Book Descriptions
for The Long Season of Rain by Helen S. Kim
From Cooperative Children's Book Center (CCBC)
The start of the rainy season in June means a break in the stifling heat and humidity, but it brings a new, deeper awareness to 11-year-old Junehee of the tension that binds her family in this riveting narrative set in Korea in the 1960s. Junehee's father is a military officer who has become more and more disconnected and emotionally distant from his wife and children over the years. Her paternal grandmother, who lives with the family, has asserted more and more control over Junehee's mother and the children as a result. Junehee's mother has endured both conditions with the silence that tradition seems to dictate. But tradition clashes with desire when Junehee's mother longs to keep a boy whom the family takes in temporarily after he is orphaned as the result of a mud slide brought on by the heavy rains. Junehee, a middle child, becomes a keen-eyed observer of her mother's unrelenting sadness, a sadness that Junehee realizes has gone on far longer than the rains. Helen Kim's emotionally acute novel about a child's growing awareness of her mother's powerlessness and pain is beautifully written, and not without hope. (Age 12 and older)

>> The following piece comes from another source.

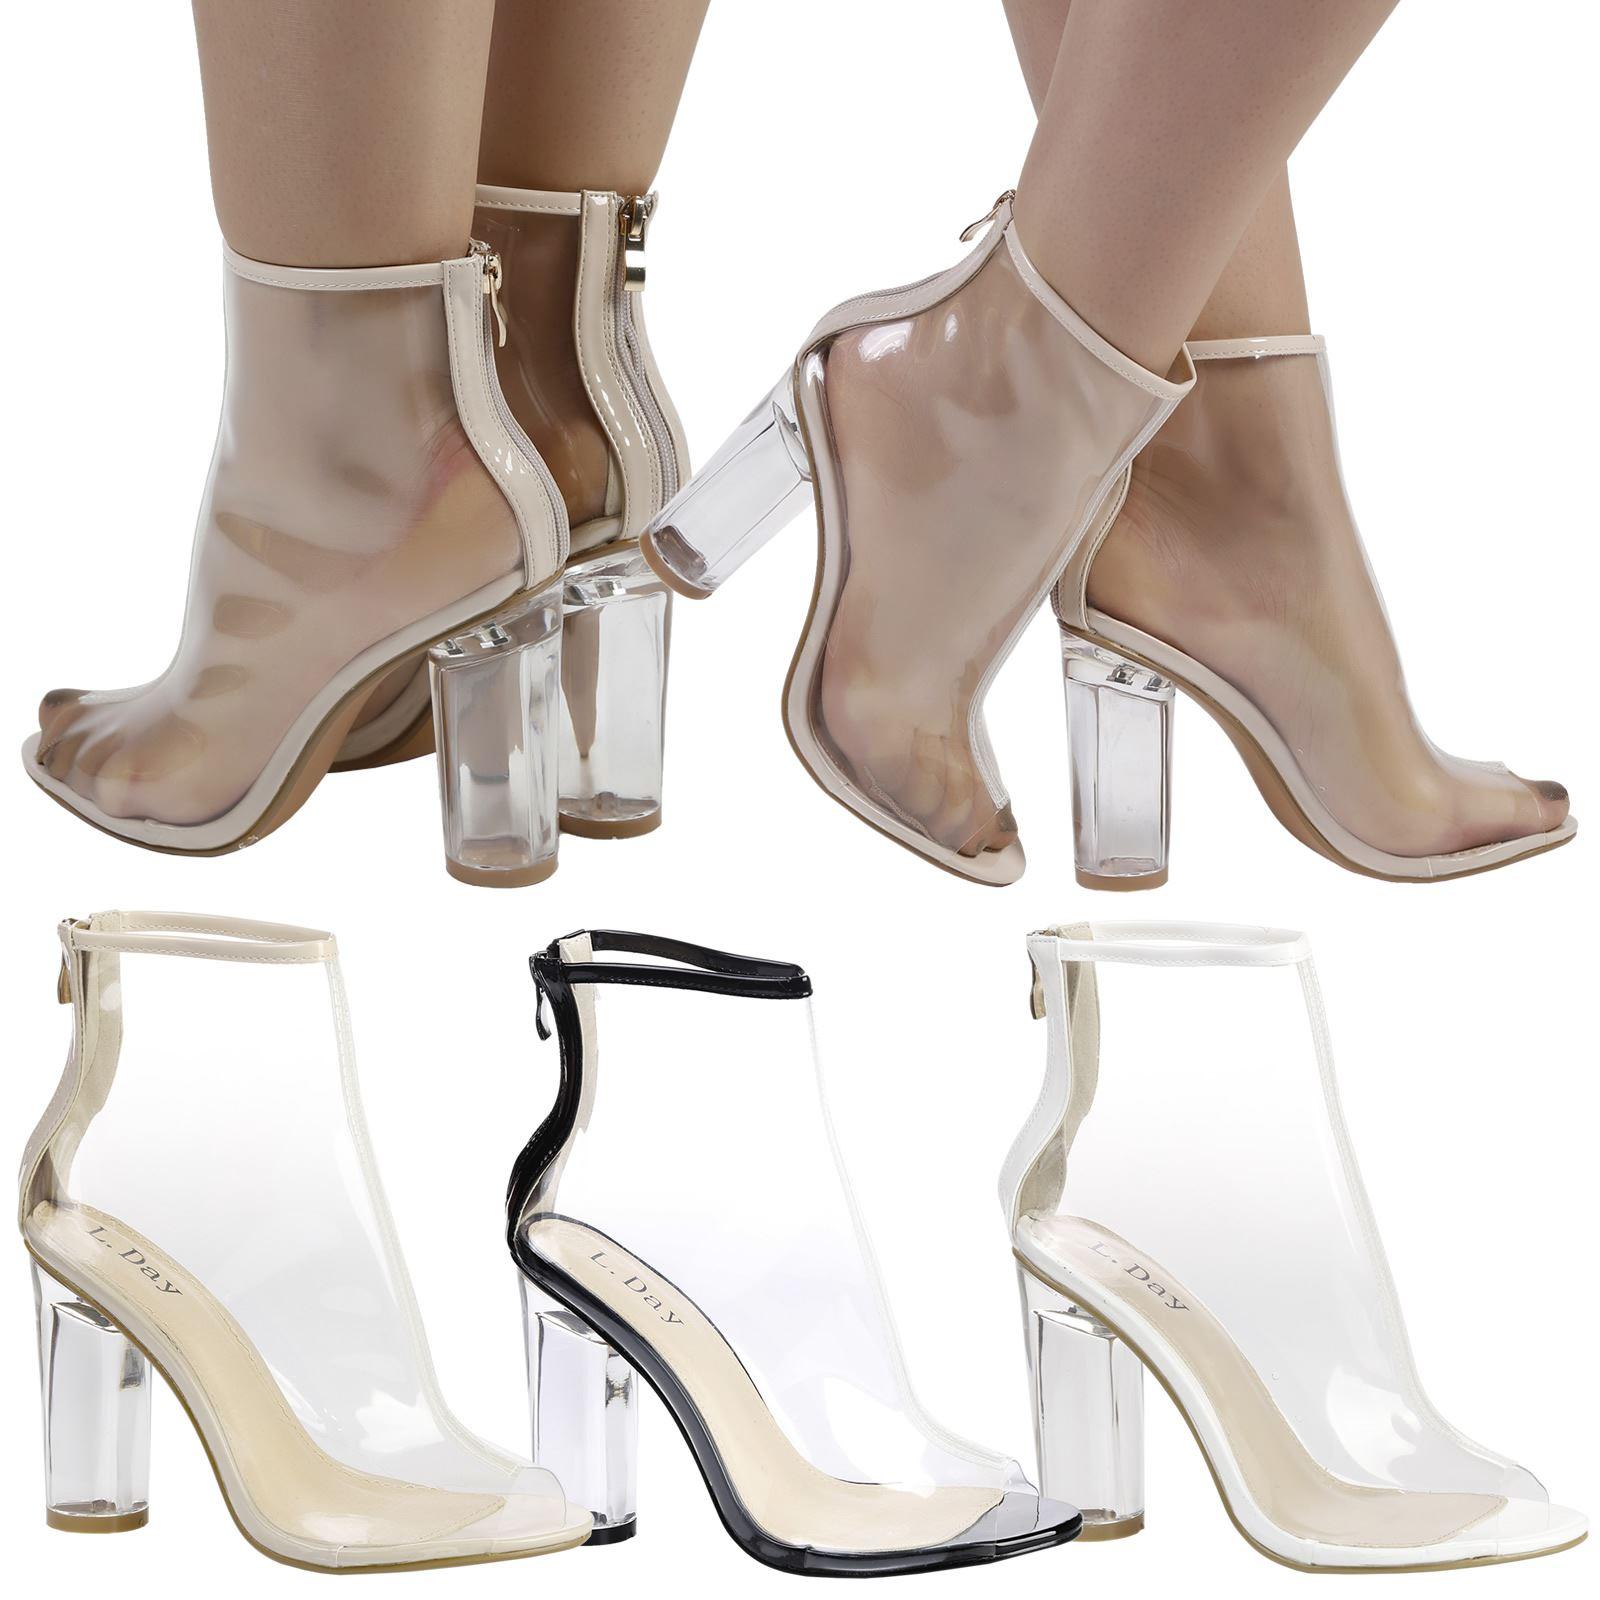 S387 - Ladies Perspex Clear Peep Toe High Heeled Ankle Boots - UK 3-8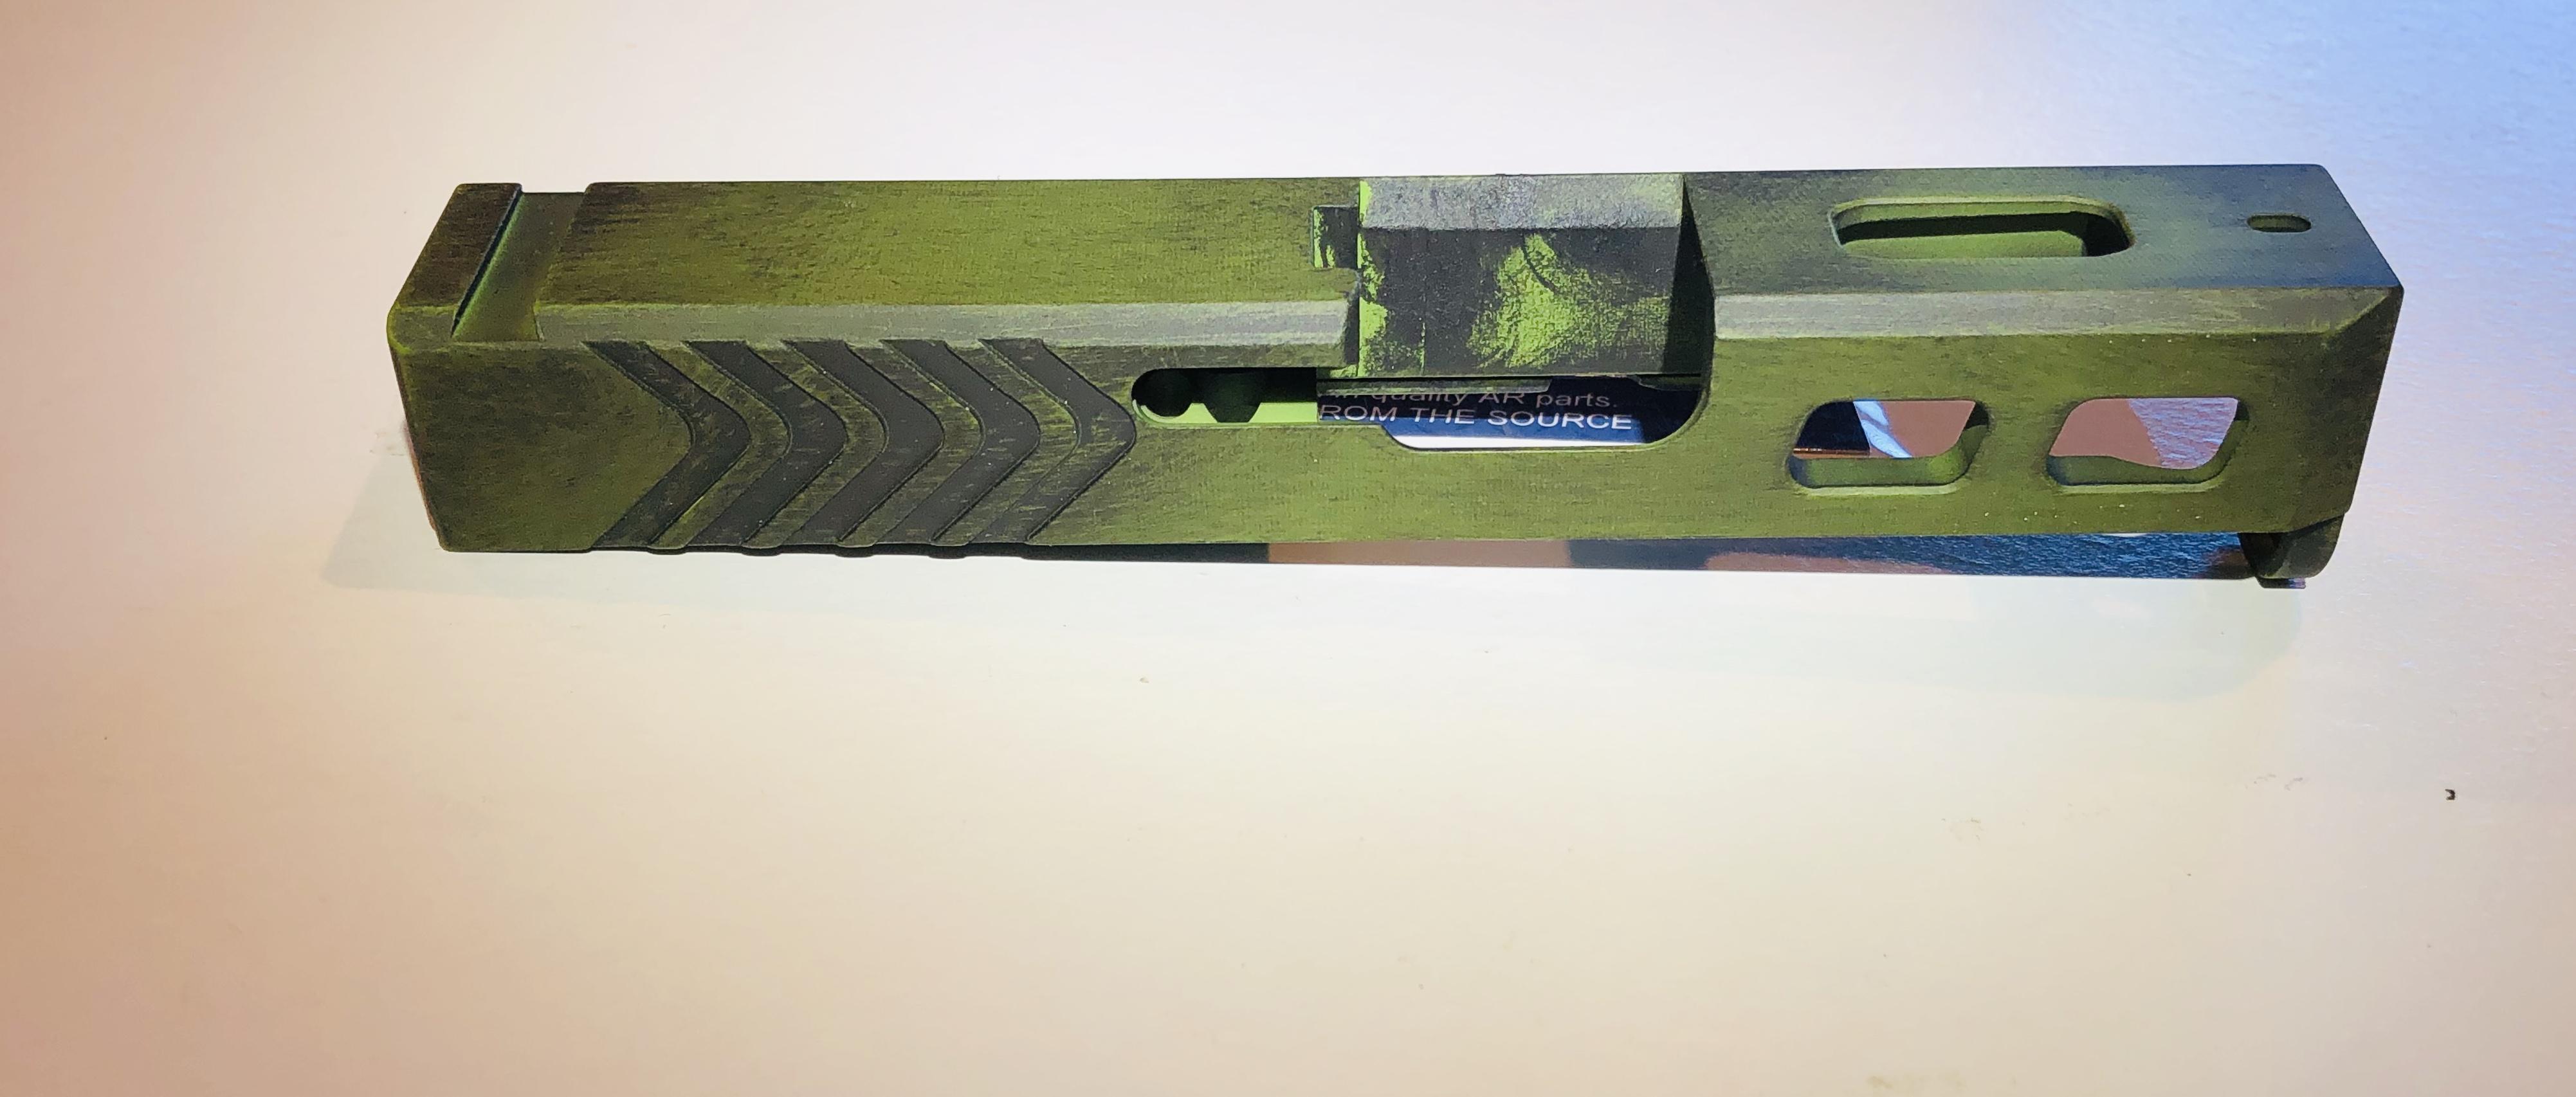 Glock 26 custom slide -Zombie green and battle worn black in color- fits  gen 1-4

CCBC Choices 1996. © Cooperative Children's Book Center, Univ. of Wisconsin - Madison, 1996. Used with permission.
From the Publisher
Junehee Lee lives in Seoul in a house full of women: three sisters, a busybody grandmother, and, always, everywhere, her mother. Her father spends much of his rtime in America working for the army--or out drinking with friends. When an orphaned boy comes to stay with the Lees, all the carefully balanced conflicts in the family erupt. Filled with closely observed details of Korean life, The Long Season of Rain is an unforgettable coming-of-age saga of great power.
Publisher description retrieved from Google Books.